> [What is being asked] Omit the images and output every line of the data below exactly.

> [Data extract]

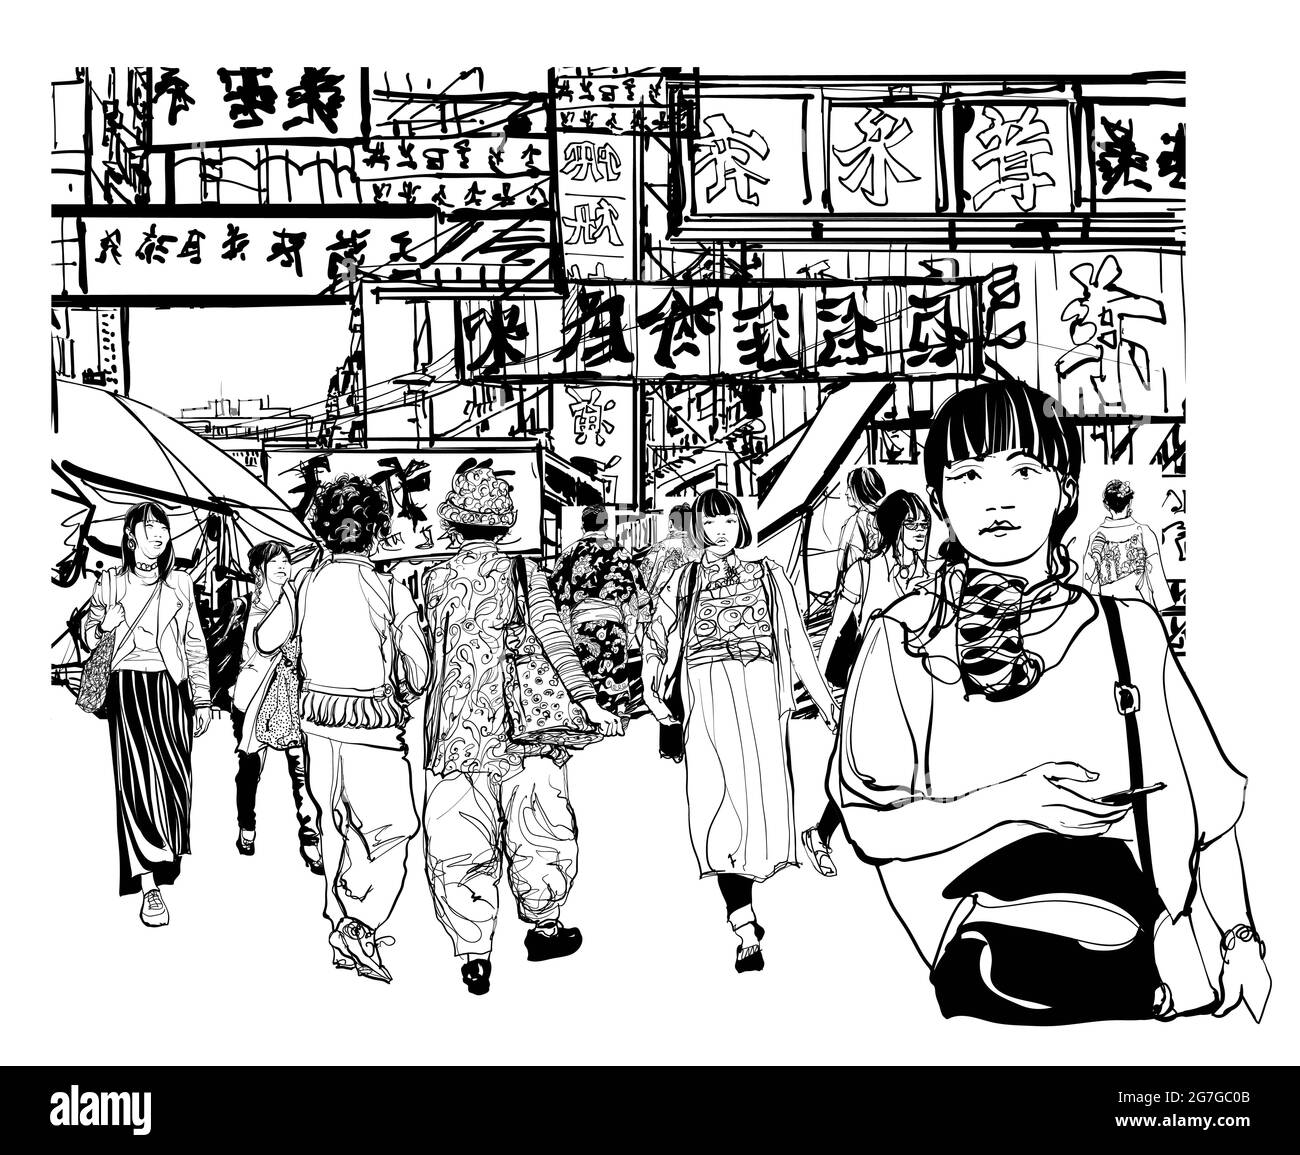 Paysage urbain imaginaire au Japon avec des gens dans une rue - illustration vectorielle - tous les caractères sont fictifs Illustration de Vecteur
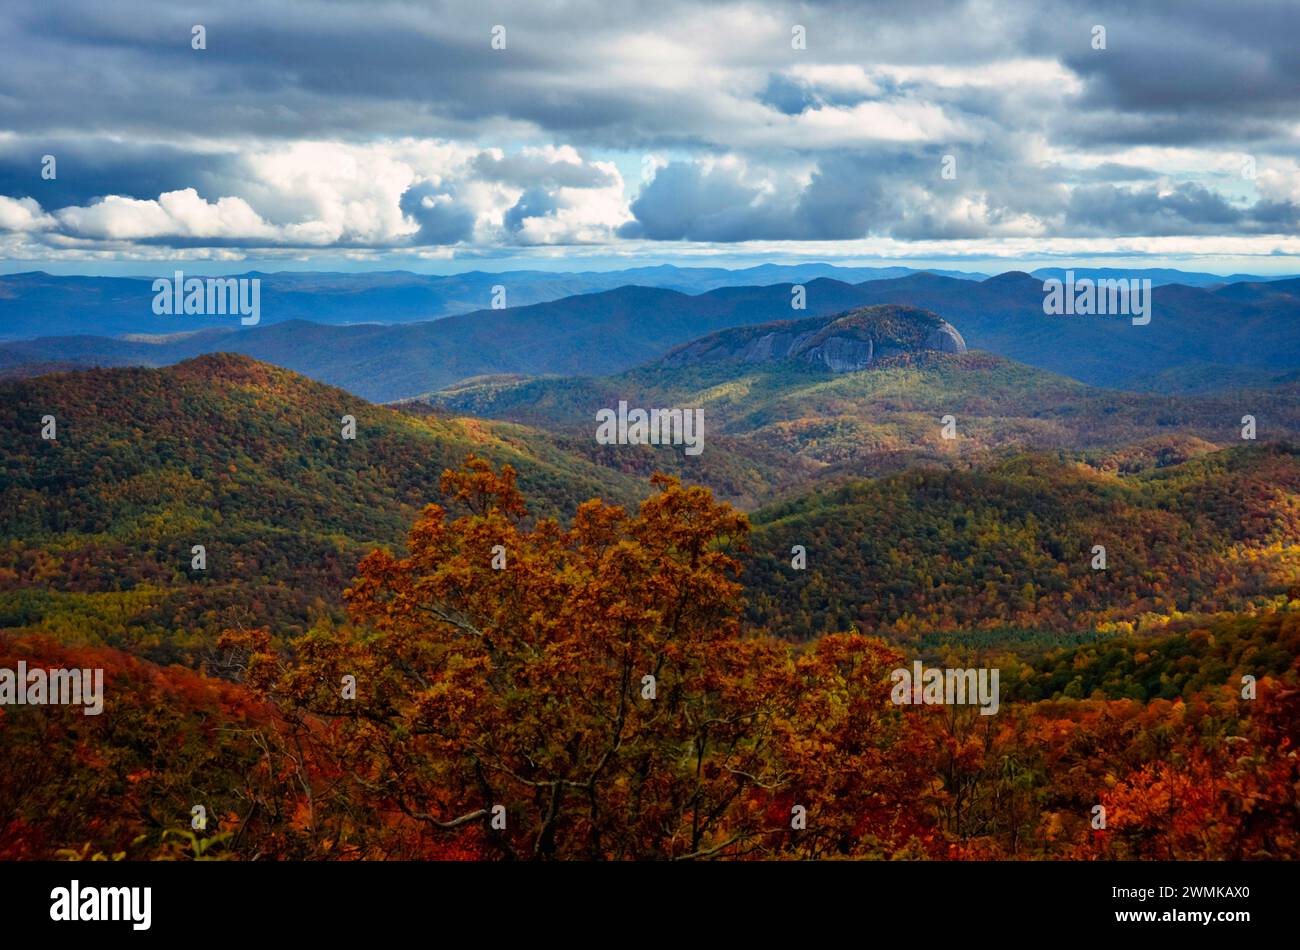 Blick auf den Looking Glass Rock vom Blue Ridge Parkway in der Nähe von Asheville, North Carolina, USA; North Carolina, Vereinigte Staaten von Amerika Stockfoto
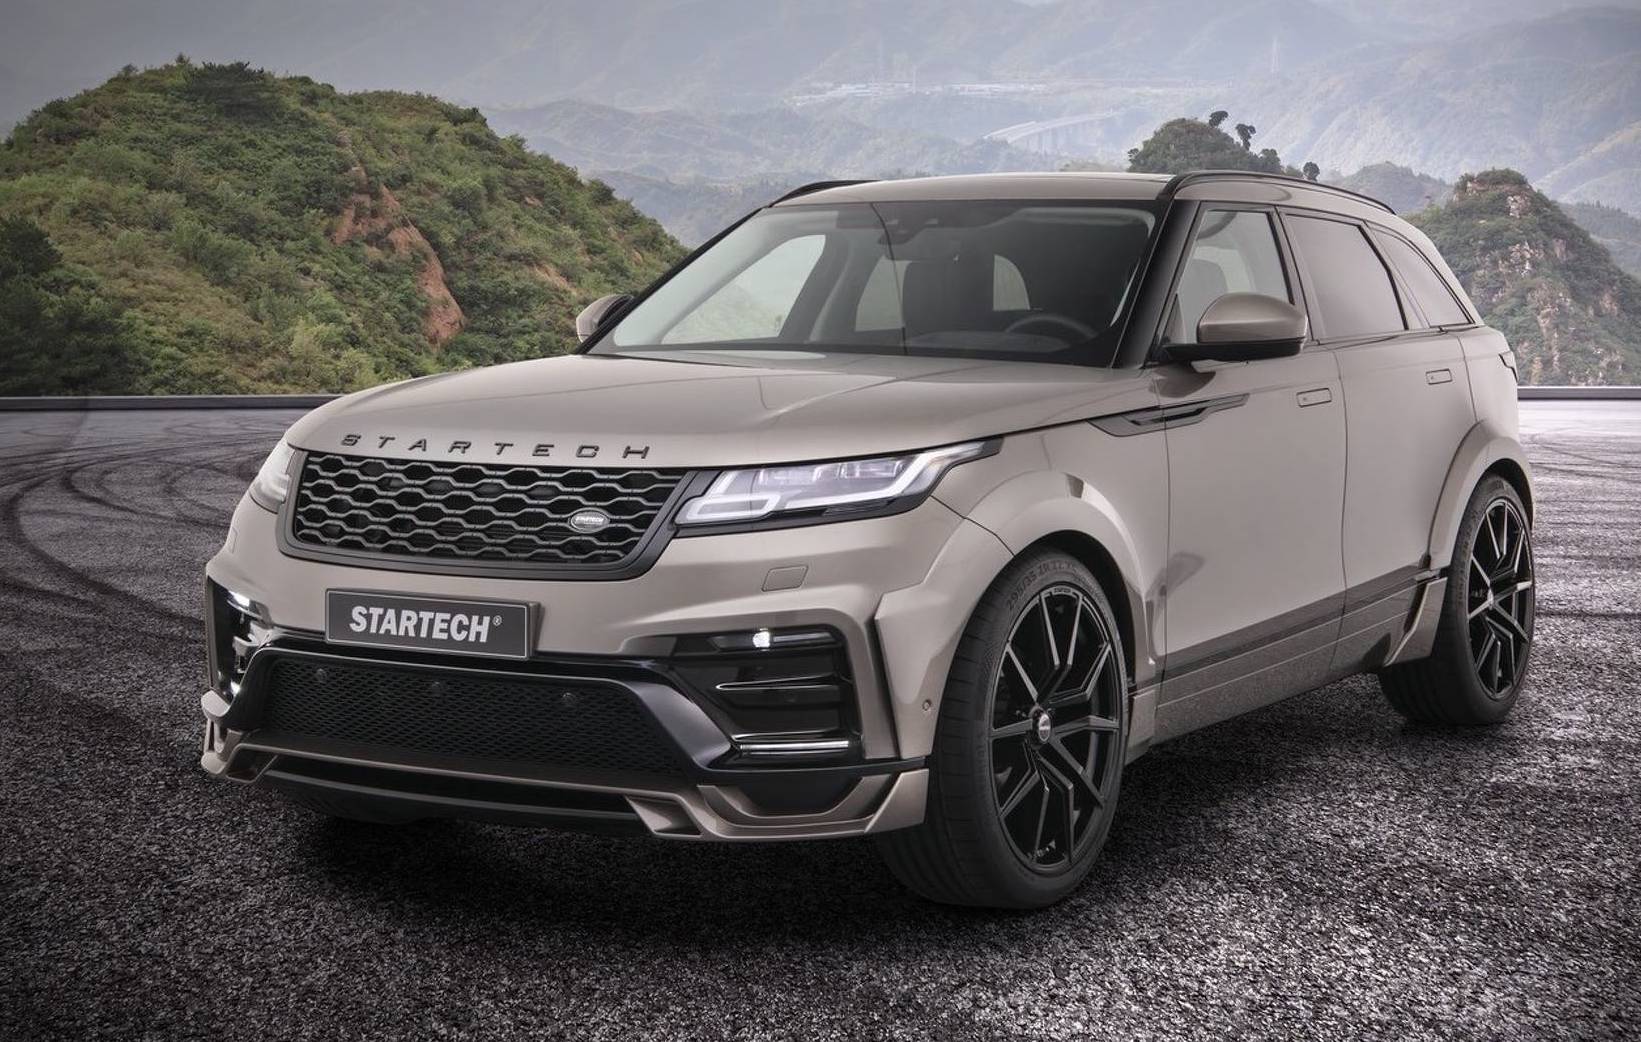 Startech develops wide-body kit for Range Rover Velar
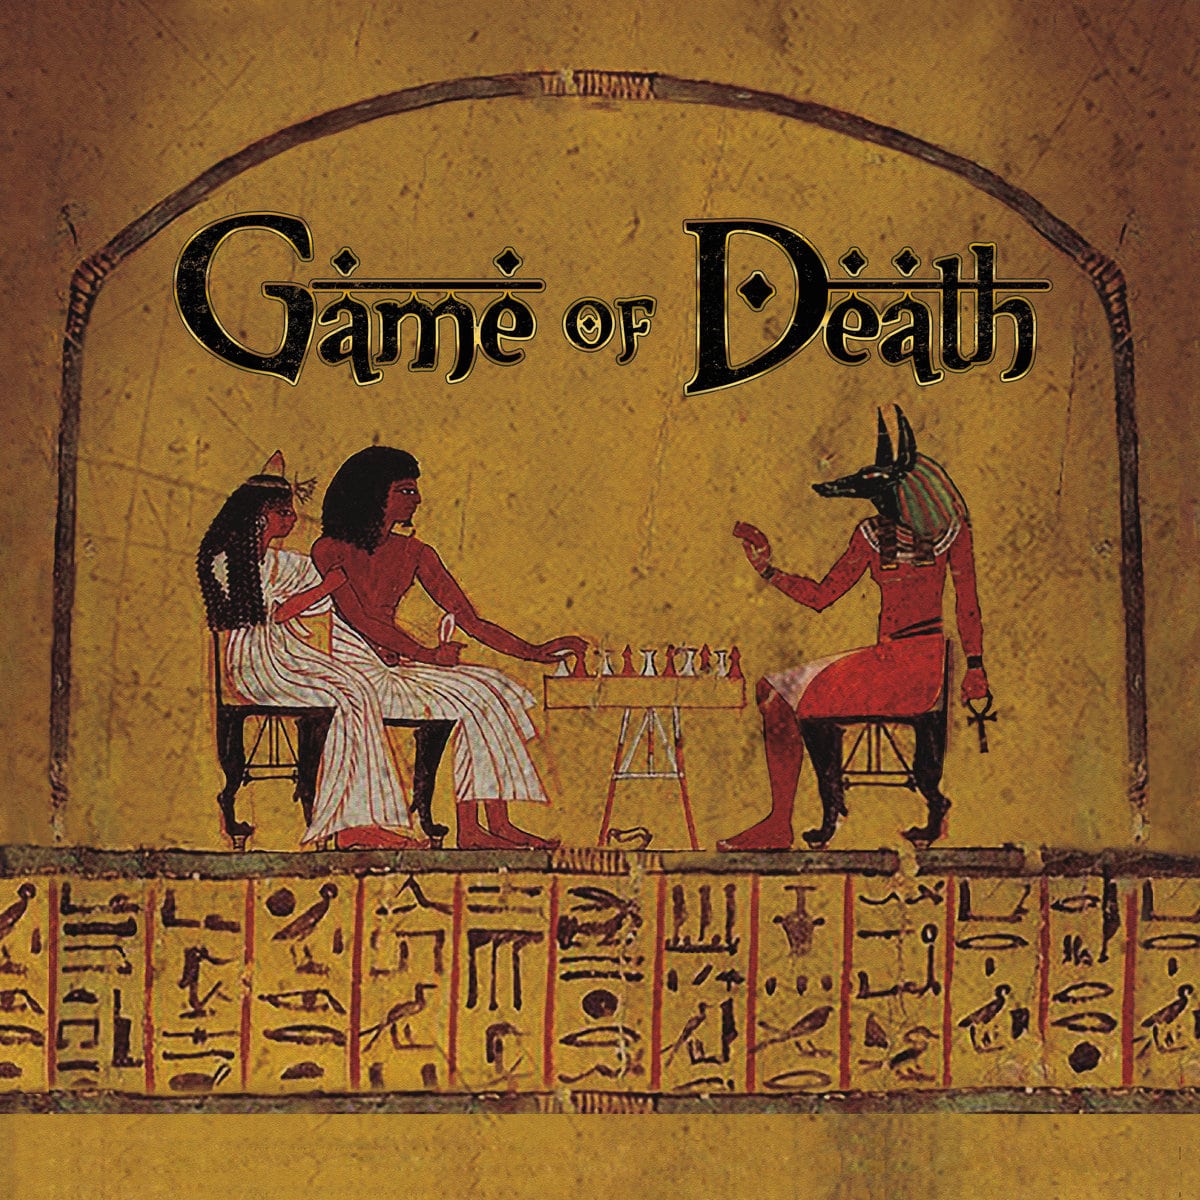 Gensu Dean & Wise Intelligent - "Game of Death" (Release)

> [Solution]
 Paysage urbain imaginaire au Japon avec des gens dans une rue - illustration vectorielle - tous les caractères sont fictifs Illustration de Vecteur
 Blick auf den Looking Glass Rock vom Blue Ridge Parkway in der Nähe von Asheville, North Carolina, USA; North Carolina, Vereinigte Staaten von Amerika Stockfoto
 Startech develops wide-body kit for Range Rover Velar
 Gensu Dean & Wise Intelligent - "Game of Death" (Release)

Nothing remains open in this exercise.